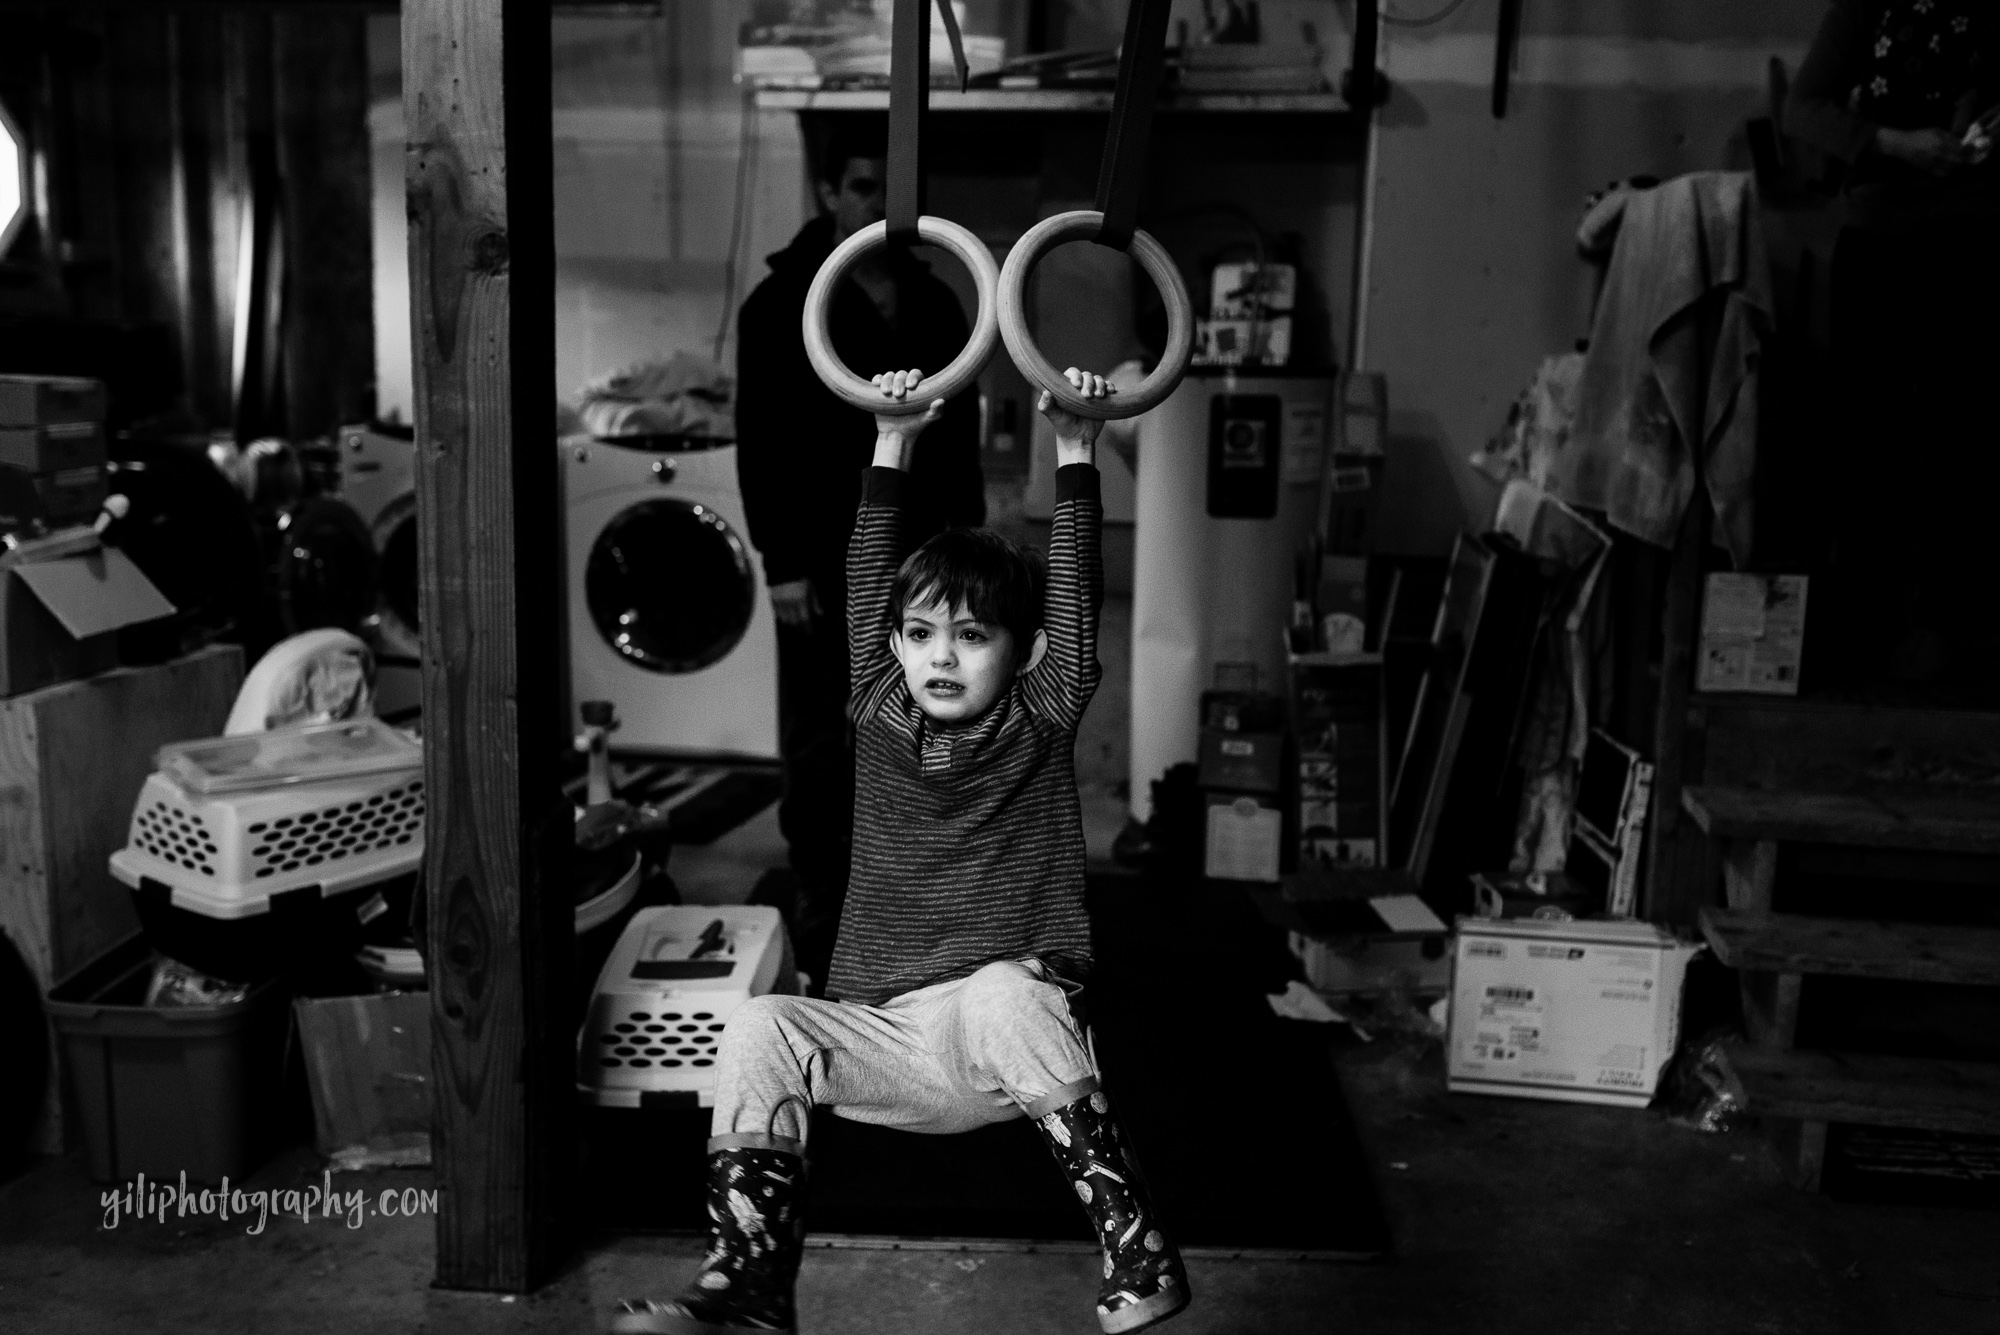 seattle toddler swinging on gymnastics rings
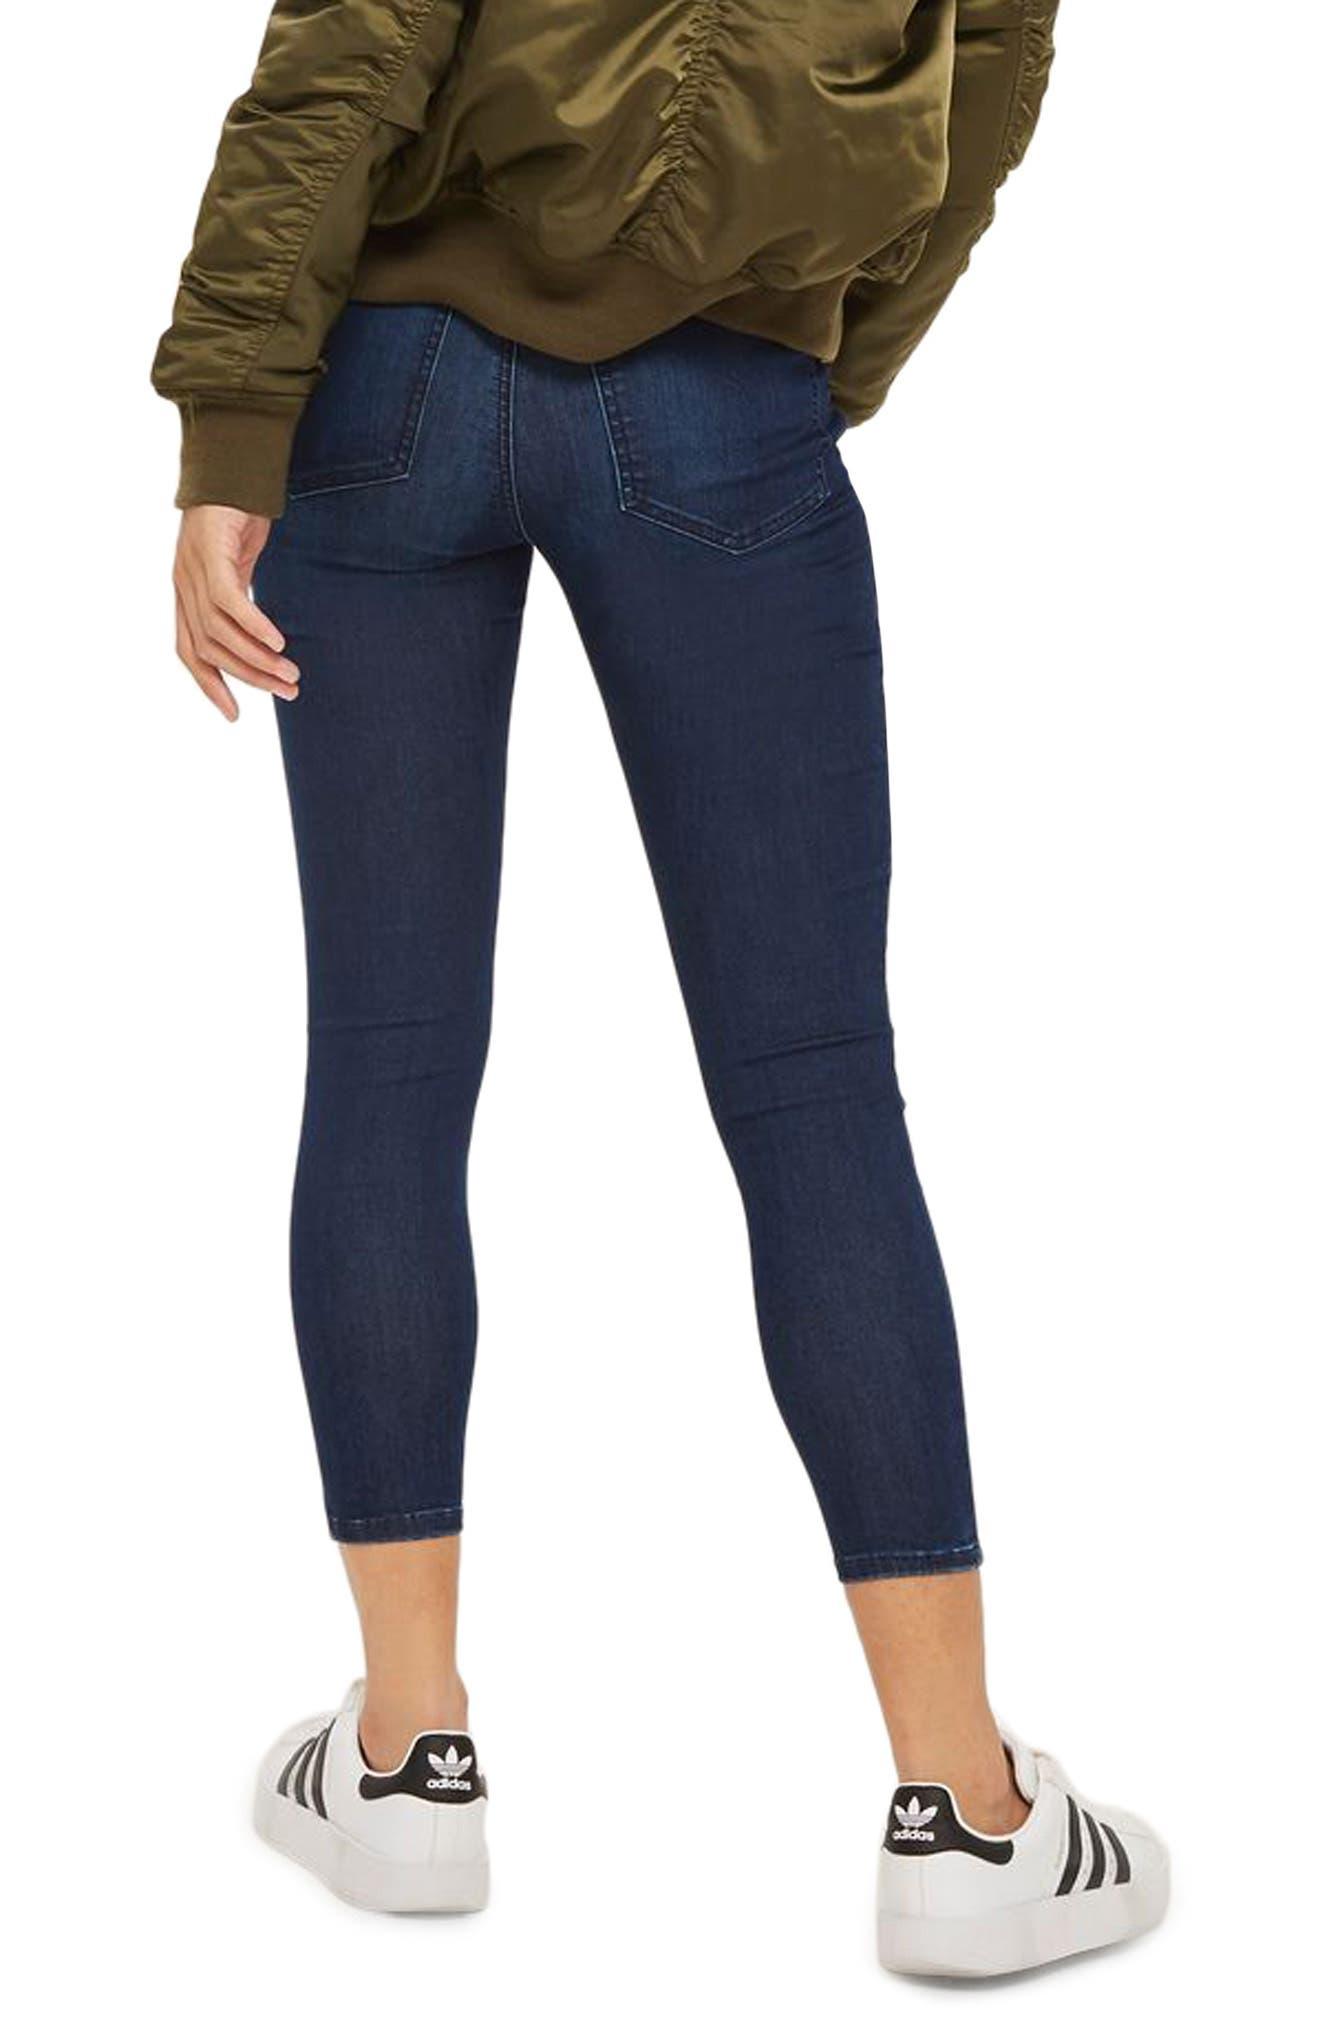 Alternate Image 2  - Topshop Joni High Waist Skinny Jeans (Petite)
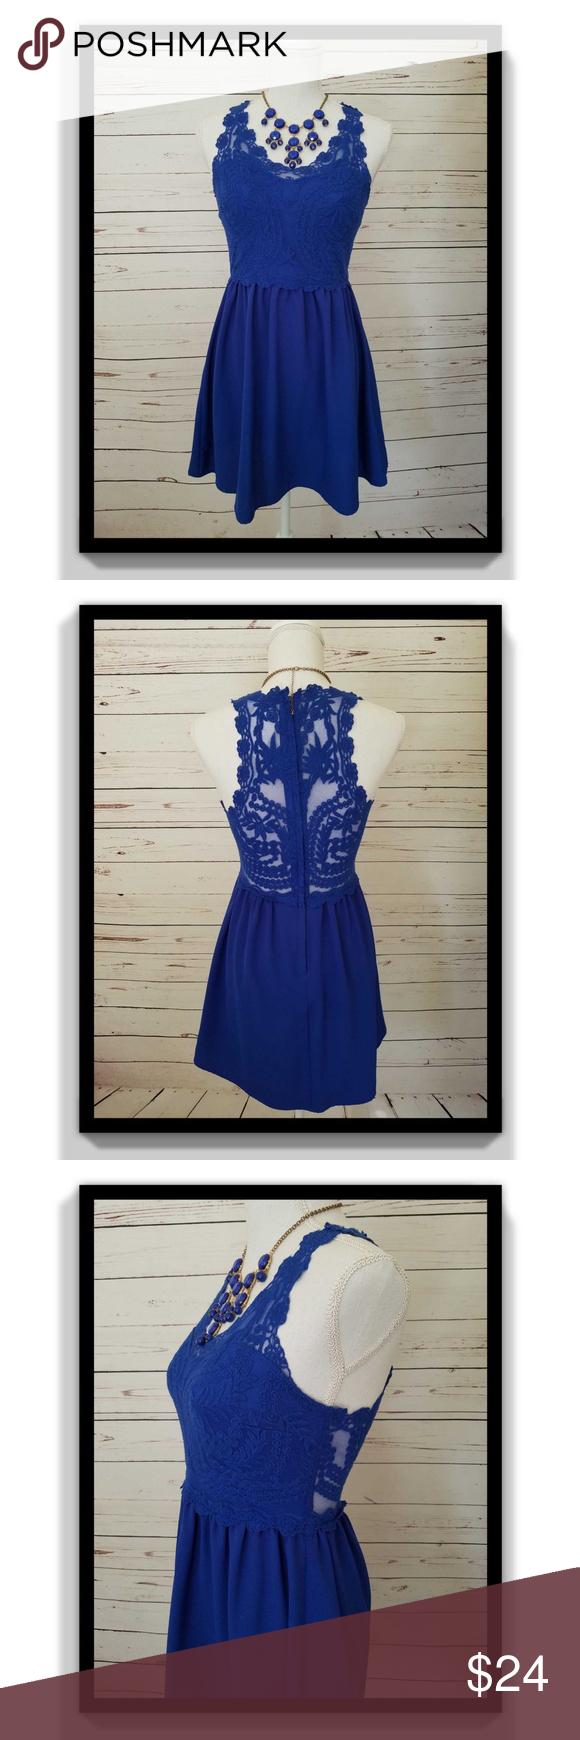 H&m blue lace dress  H uM Lace Dress WSeethrough Back Blue Size  NWT  My Posh Picks
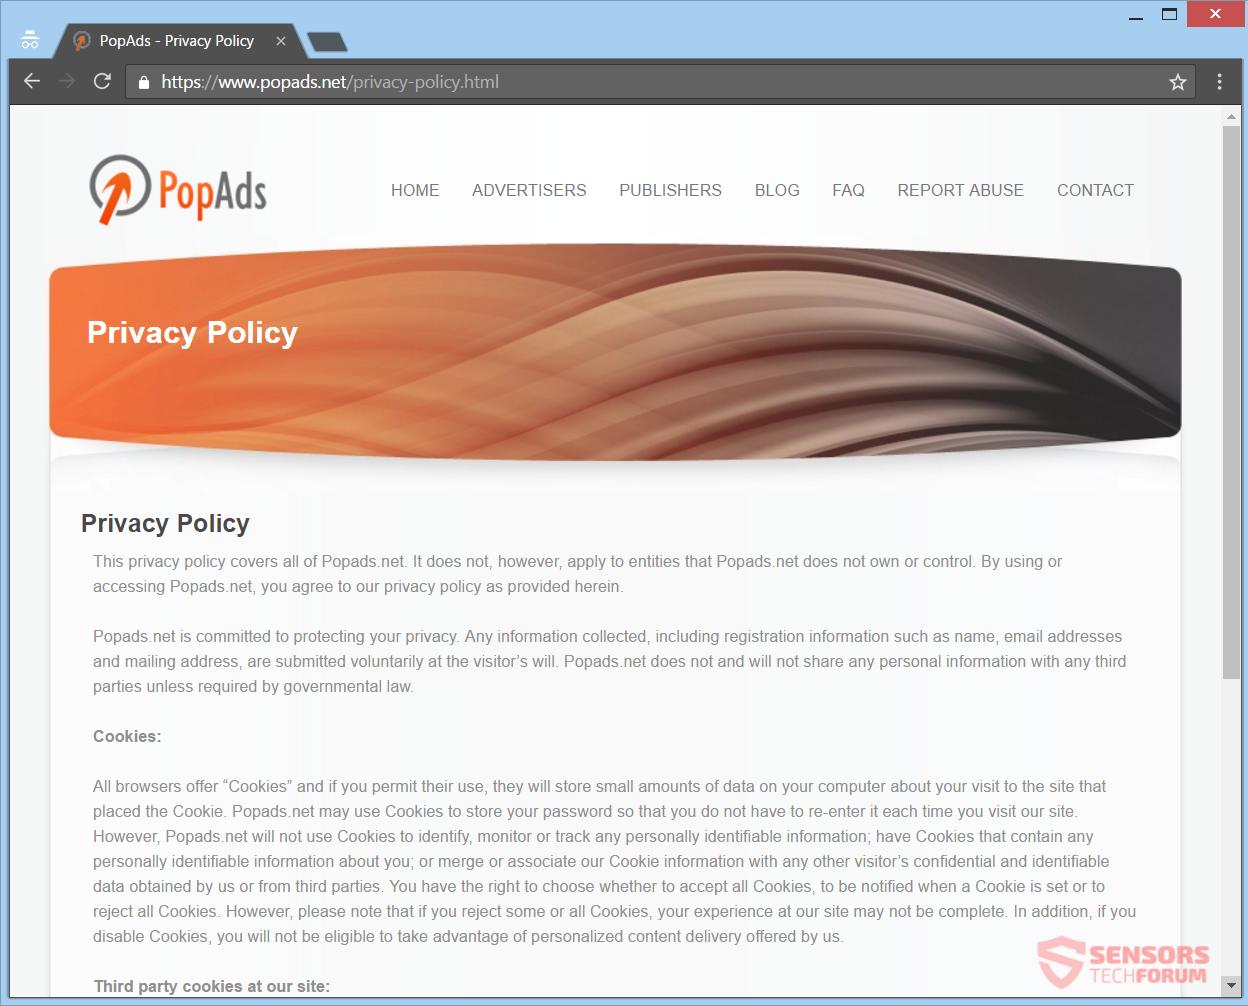 stf-popads-net-pop-ads-pop-up-ad-network-privacy-policy
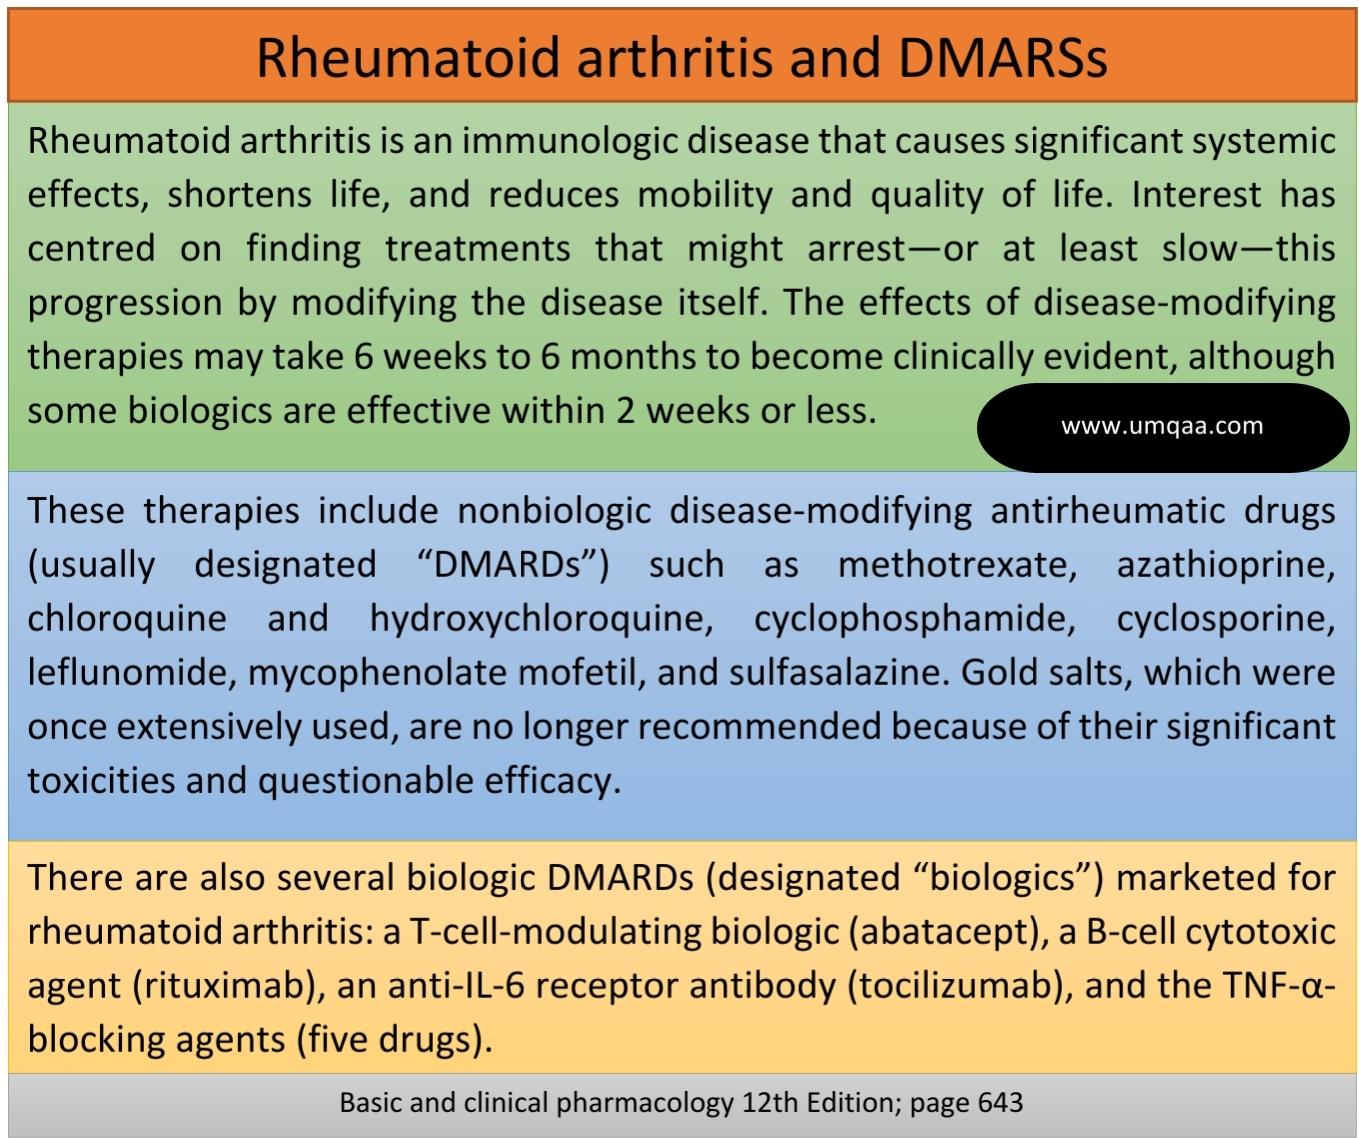 DMARDs-Disease-modifying antirheumatic drugs

# # # # # # #

▶ _TASK DESCRIPTION_: Would you return the whole listing exactly, without the pictures?

▶ _SOLUTION FOR THIS EXERCISE_:
 seattle toddler swinging on gymnastics rings
 Alternate Image 2  - Topshop Joni High Waist Skinny Jeans (Petite)
 H&m blue lace dress  H uM Lace Dress WSeethrough Back Blue Size  NWT  My Posh Picks
 stf-popads-net-pop-ads-pop-up-ad-network-privacy-policy
 DMARDs-Disease-modifying antirheumatic drugs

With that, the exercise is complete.